La autora se especializa en el estudio de narrativas audiovisuales y literarias del Cono Sur. Una obsesión se cierne sobre sus investigaciones: la recurrente atracción por los espectros. En 2010, coeditó El cine de Raúl Ruiz: Fantasmas, simulacros y artificios; al año siguiente, publicó Espectros de luz: Tecnologías visuales en la literatura latinoamericana; y, en 2015, Fantasmas artificiales: Cine y fotografía en la obra de Enrique Lihn. En Metamorfosis…, de reciente aparición, vuelve a sumergirse en las modulaciones inmateriales que conectan el mundo de los vivos y el de los muertos, ofreciendo un recorrido generoso, al mismo tiempo panorámico y detallista, por la poética de Ruiz. La dedicatoria –“A todos los que sueñan con otros mundos posibles”– abrevia el ímpetu de este libro.
“Pareciera que la práctica de lanzar películas hacia el futuro fuera una singular costumbre de Ruiz”, afirma de los Ríos en las primeras páginas de la “Introducción” (p. 10), en la que se despliega un mapa de nociones teóricas y críticas donde logran confluir algunos enfoques filosóficos (Nietzsche, Bergson, Deleuze) con el pensamiento del propio cineasta. La autora encuentra como punto de partida para sus reflexiones una idea muy à la Ruiz: detecta temporalidades mutantes, coincidencias desplazadas, circuitos a destiempo, que evocan las complejas transmutaciones del director, y también su persistencia. Su película número 121, La telenovela errante –un delirio que revela con humor y sarcasmo la actualidad social y política desde su costado más absurdo–, había sido rodada en 1990, pero sus archivos en 16 mm recién fueron recuperados y montados por Valeria Sarmiento para su estreno en el Festival de Locarno diecisiete años después. Como si fuesen recuerdos del porvenir, que llegan desde el más allá pero sin haberse nunca retirado del todo, el cineasta regresa por oleadas convertido en una imagen o un reflejo en el que las presencias y las ausencias se abisman. Un juego de relevos semejante es el que ocurre a lo largo del libro con las múltiples intervenciones que componen una especie de retrato a varias voces: para indagar la poética del cine, de los Ríos no hace distinciones tajantes entre el discurso de la academia, el de la crítica, el del director y el de los films. El resultado es un texto sólido y fluido, que irradia el entusiasmo por el cine y por el pensamiento de Ruiz.

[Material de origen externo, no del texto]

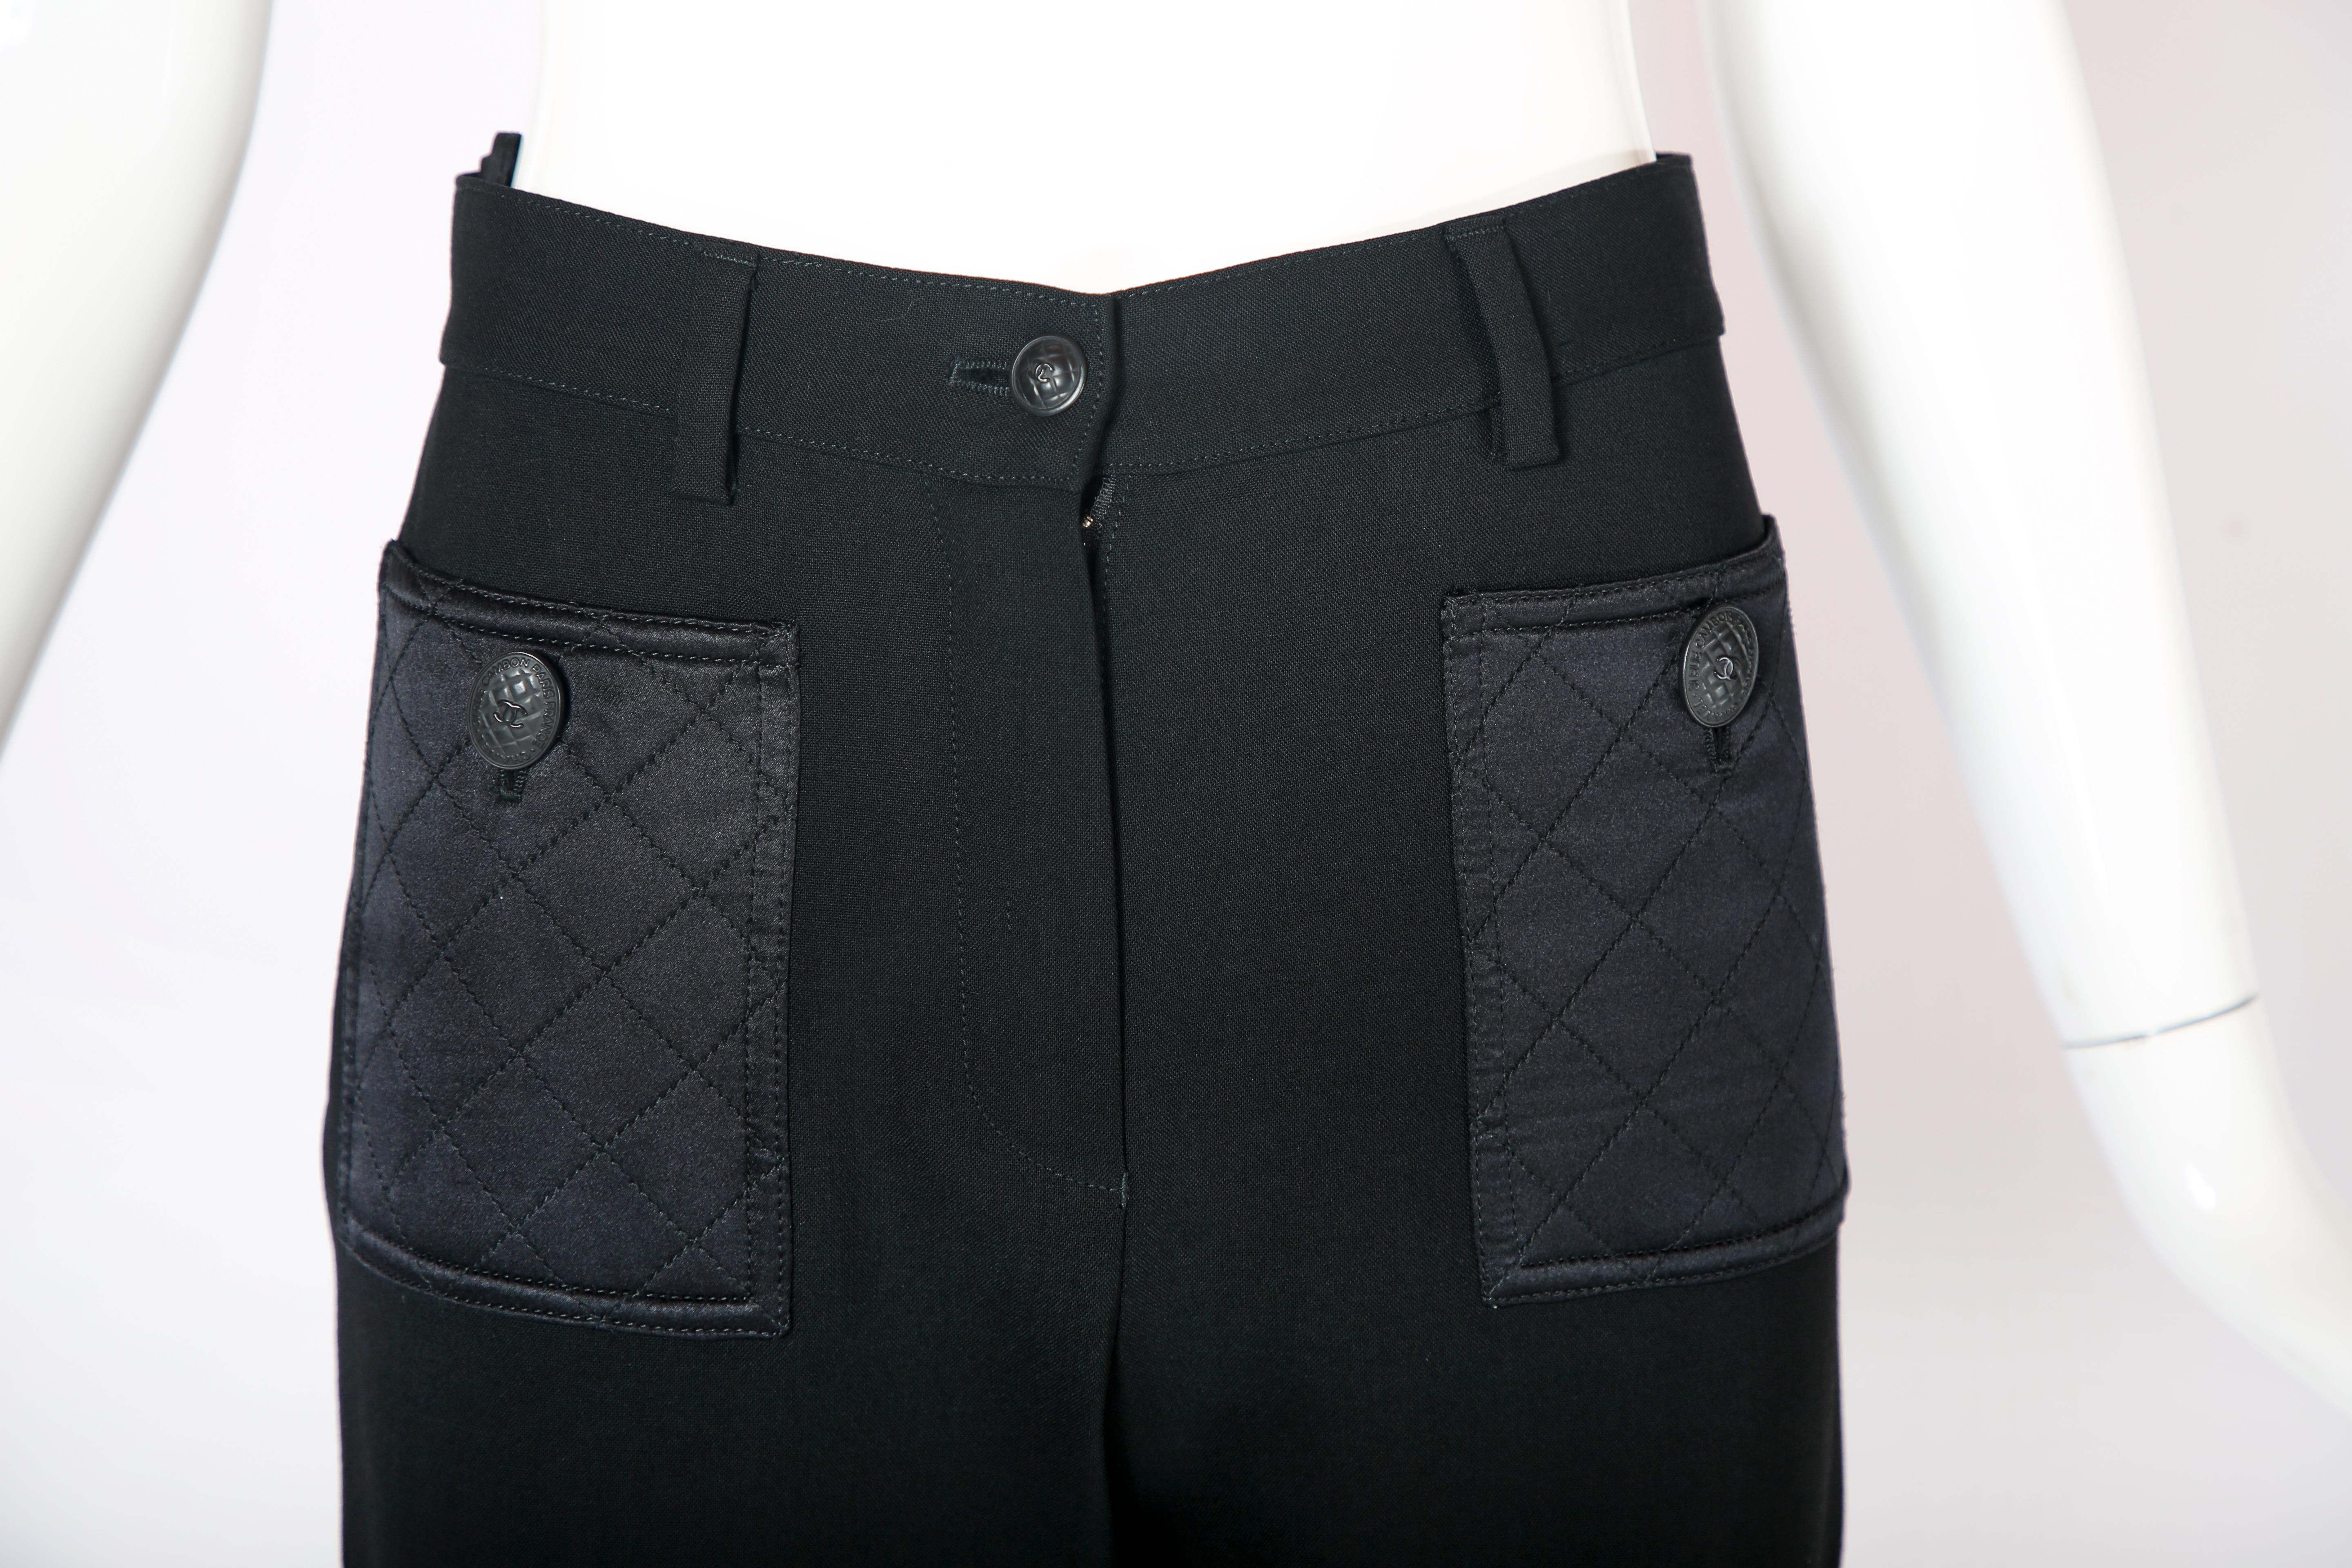 Women's 2004 A/H Chanel Black Wool Stretch Pants w/Quilted Satin Hip Pockets For Sale

En los niveles formal y diegético, la experimentación permite al cineasta desarticular la linealidad y desafiar las convenciones gracias a una narrativa lúdica, ligada al sueño, a los tiempos suspendidos y a la imprevisibilidad de la memoria. Algo parecido se plasma en los sucesivos capítulos que exponen una perspectiva resistente a la normatividad de una estructura rígida. “De la representación a la alegoría”, “Materialidad y comunidad”, “La pregunta sobre el Barroco”, “Narración, memoria y movilidad”, “Infancia y juego” y “Territorialidades y desplazamientos” brindan un conjunto de pistas para explorar el cine de Ruiz desde ángulos clave, que se rehúsan a ver las cosas desde una perspectiva ideal. Más bien, cada capítulo ilumina ciertos fragmentos de la obra, disponiendo un marco conceptual que funciona como hilo conductor y, asimismo, deja entrever otras derivas y otras intertextualidades que el lector puede ocuparse de prolongar por su cuenta.
Resultan, muy especialmente, interesantes los pasajes dedicados a la vida propia que los objetos, los animales y las plantas adquieren dentro del plano, como si estuviesen dotados de propiedades mágicas, al margen de las exigencias de verosimilitud, como en El tiempo recobrado (1999). En palabras de Ruiz[2], se trata de un “cine chamánico”, cuya poética materialista, comunitaria, objetual y animista configura “un cine capaz de dar cuenta prioritariamente de las variedades de la experiencia del mundo sensible”.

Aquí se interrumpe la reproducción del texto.